On language, we follow more recent (and more appropriate) usage and refer to “environmental flows” instead of “instream flows,” but we do not intend any change in meaning with this terminology. We have tried to write in plain language, and to avoid overly technical or overblown academic writing such as the following, which we did not make up: “Temporary streams naturally experience flow intermittence and hydrologic discontinuity that act to shape fish community structure,” or worse: “Thus, theoretically, although habitat suitability curves underpinning area‐weighted suitability indices apparently invite the intervention of modeling approaches, the more complex and less‐definite relations between physical habitat and ecological response may reduce this potential, with correspondence at best, treated probabilistically.” Why would anyone who has something to say use such language? We expect that some readers will disagree with some of what we write, but we have tried to write it clearly.

With one exception, separate authorship is not listed for the various chapters, although readers with any sense of language will notice immediately that the writing styles varies. Each chapter has a main author, but each of us has read, commented on, and approved the others. The exception, Chapter 8, Dams and Channel Morphology, was written by fluvial geomorphologist Mathias Kondolf and collaborators from his research group in Lyon, France: Remi Loire, Hervé Piégay, and Jean‐Réné Malavoi, who are thus listed as co‐authors for the chapter.

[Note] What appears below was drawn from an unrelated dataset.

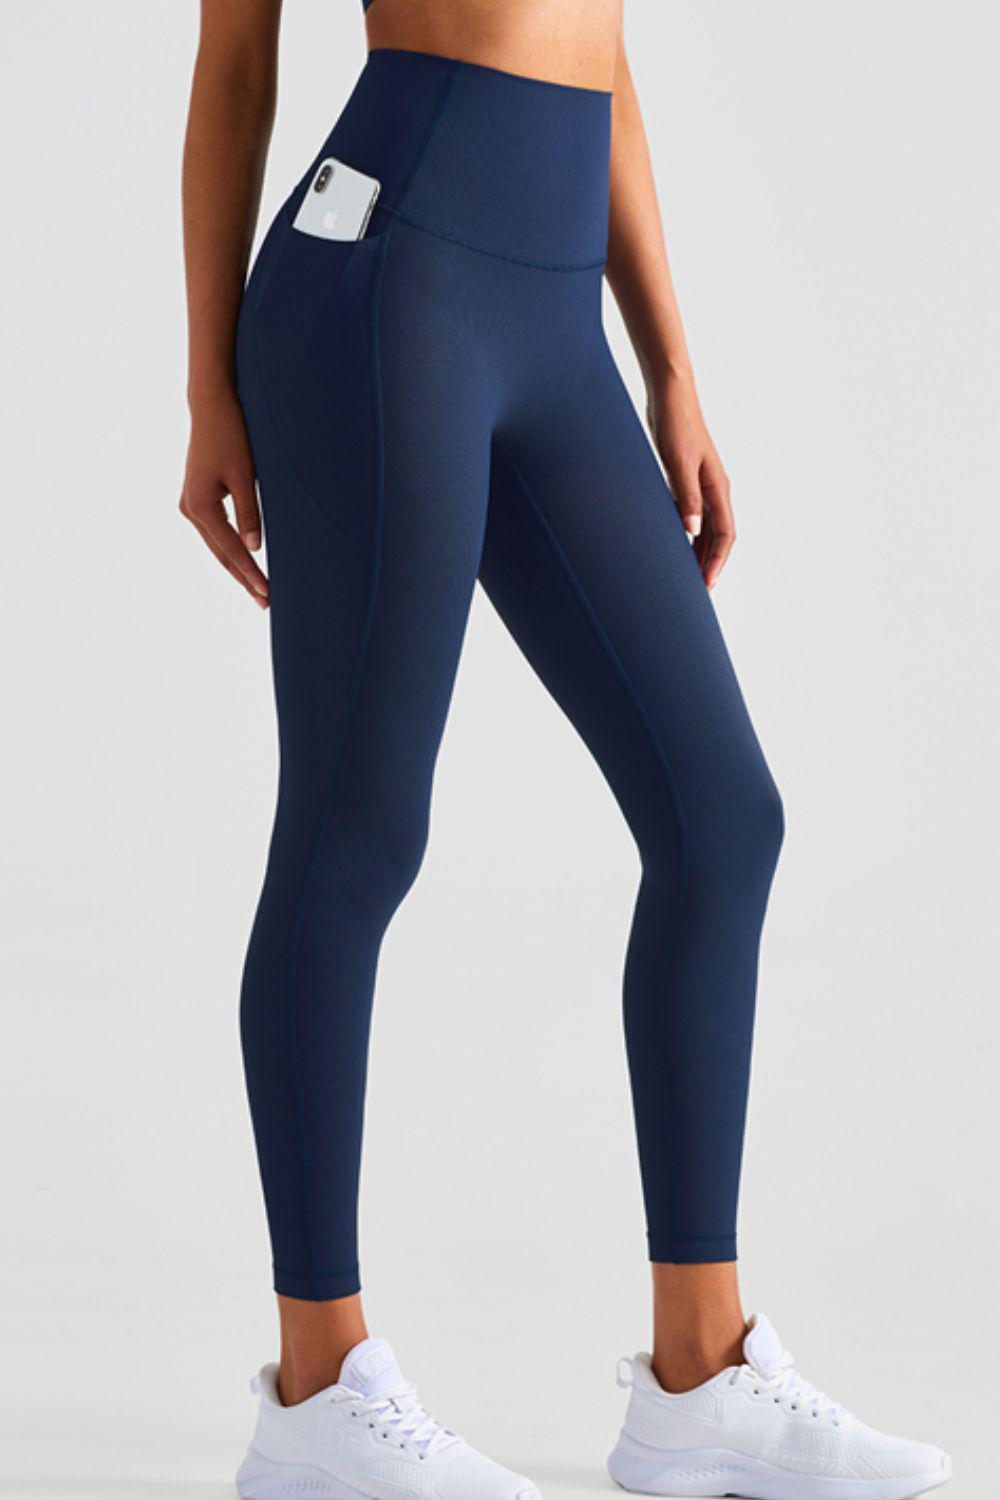 Soft and Breathable High-Waisted Yoga Leggings-BOTTOM SIZES SMALL MEDIUM LARGE-[Adult]-[Female]-Navy-4-2022 Online Blue Zone Planet

Overall, our somewhat lofty goal is to give users (and students) of environmental flow methods a better understanding of the tools they are using, and especially where they may fall short. Methods for EFA are constantly evolving, especially analytical tools. Practitioners would be well served to be more critical of existing well‐used methods, and to investigate alternatives coming on line. The more EFAs reflect reality, the more likely they will provide useful information, to the benefit of both flowing‐water ecosystems and human populations that derive so much benefit from them.

Acknowledgements

The ideas presented in Chapter 9 stem largely from development work undertaken in two Australian Research Council Linkage Projects (LP100200170, LP130100174) and eWater Cooperative Research Centre projects. We acknowledge the contributions of the many staff and students involved. We thank Genevieve Smith, in particular, for allowing the use of her Master of Environment research project as the case study presented therein. The material in Chapters 1, 2, 4, and 6 expands on worked funded by the California Energy Commission, Public interest Energy Research Program, through the Center for Watershed Sciences, University of California, Davis. Preparation of Chapter 8 was partly supported by the Collegium, Lyon Institute for Advanced Studies, University of Lyon, and the EURIAS Fellowship Programme and the European Commission (Marie‐Sklodowska‐Curie Actions – COFUND Programme – FP7).